↓
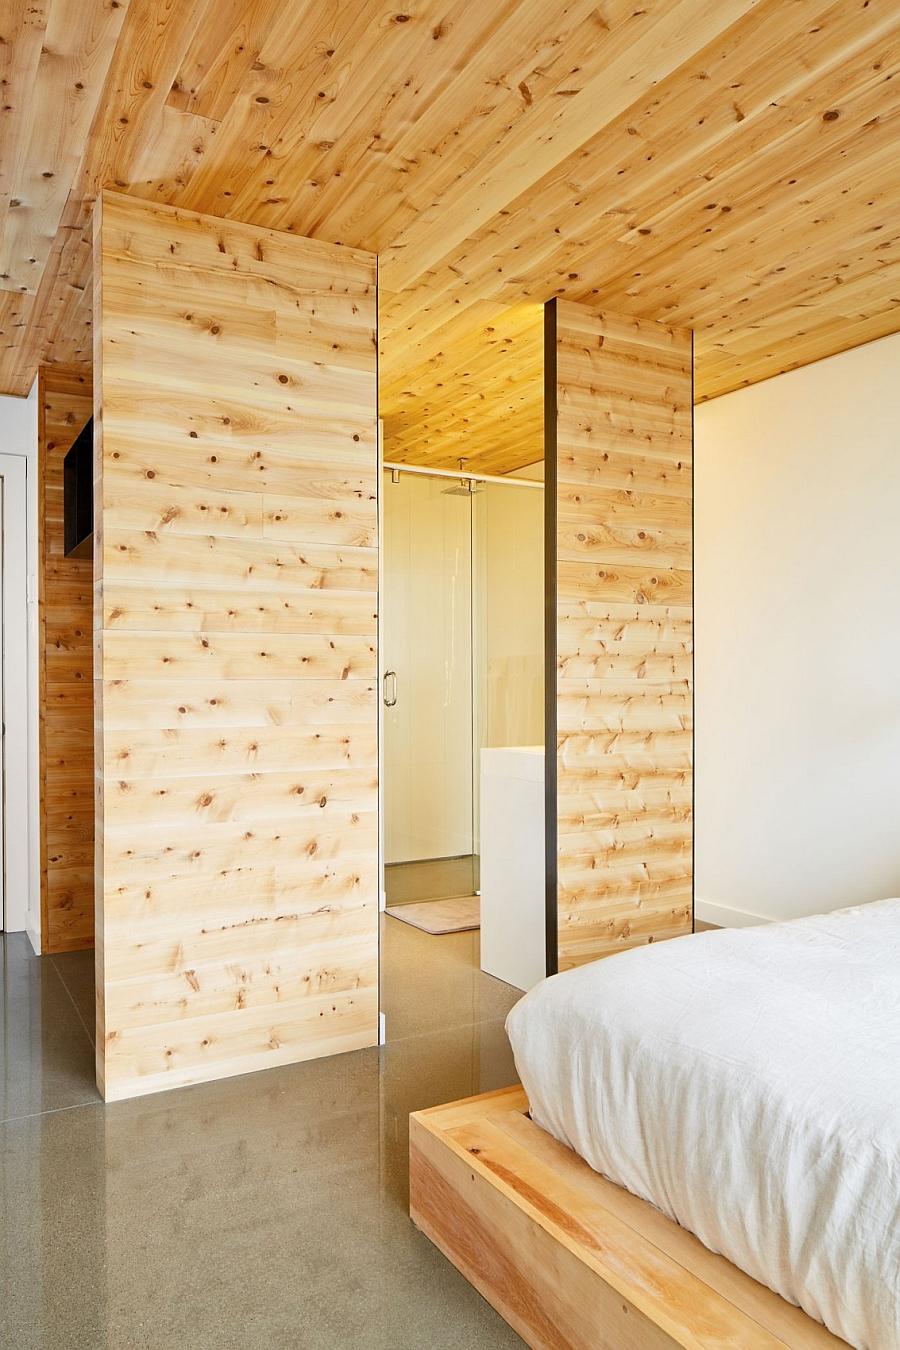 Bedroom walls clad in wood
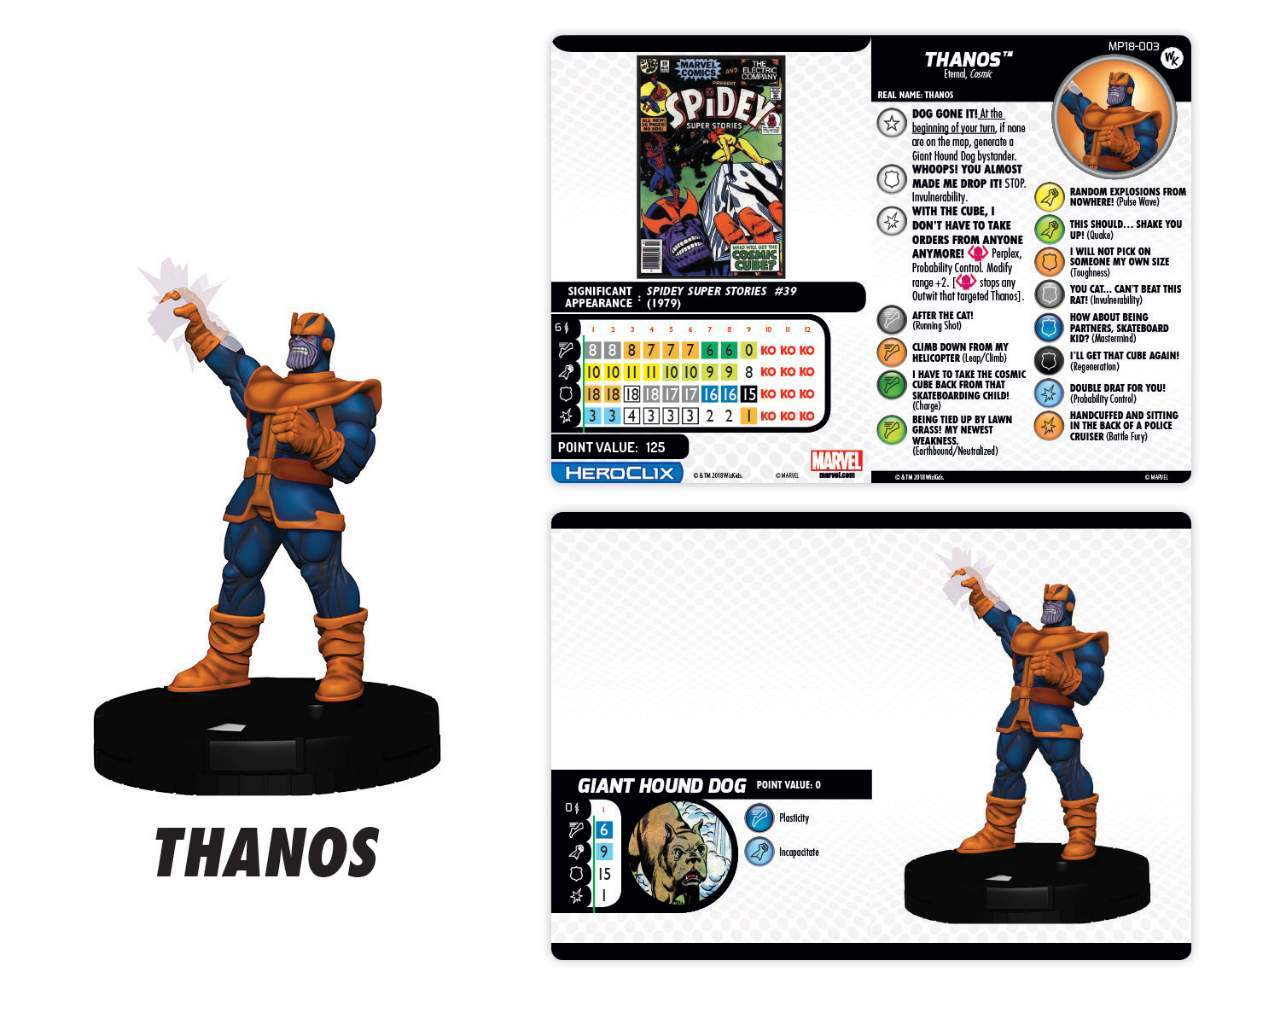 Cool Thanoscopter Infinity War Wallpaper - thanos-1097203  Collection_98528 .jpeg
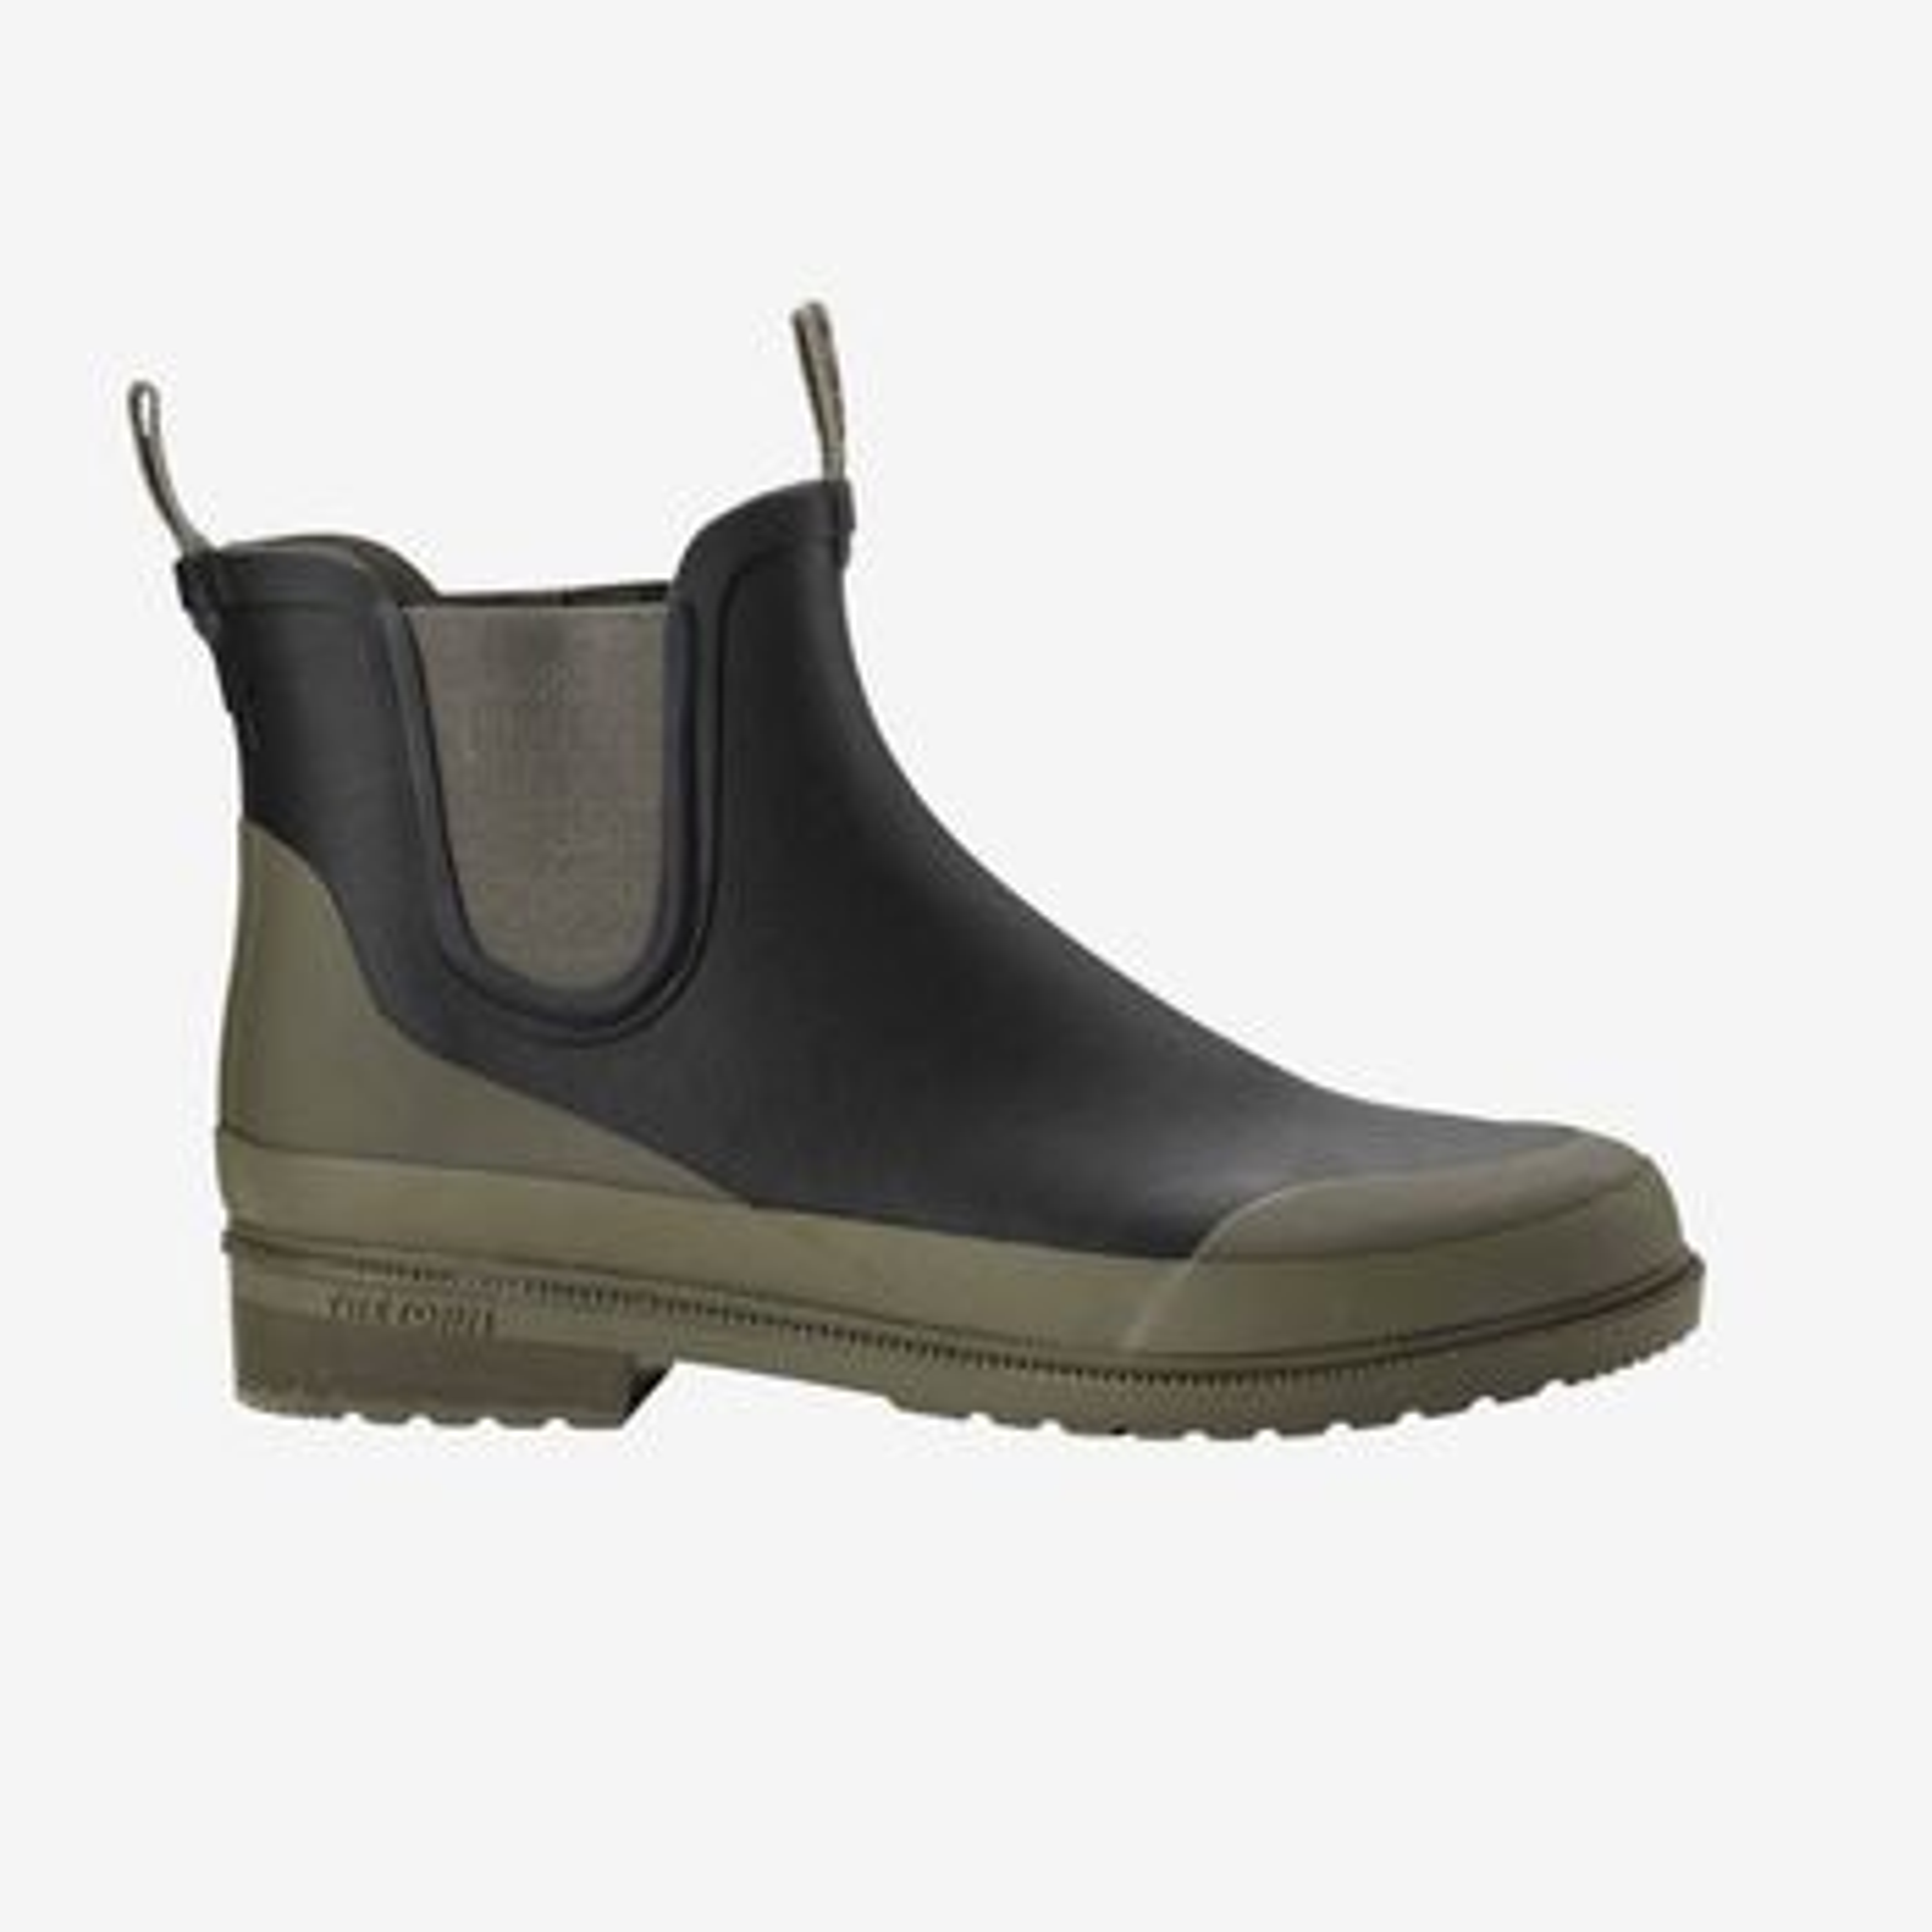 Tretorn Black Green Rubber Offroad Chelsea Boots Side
↑
EXERCISE BRIEF:
Word for word, restate all of the material above except its pictures.

SOLUTION FOR THIS TASK:
 Bedroom walls clad in wood
 Cool Thanoscopter Infinity War Wallpaper - thanos-1097203  Collection_98528 .jpeg
 Tretorn Black Green Rubber Offroad Chelsea Boots Side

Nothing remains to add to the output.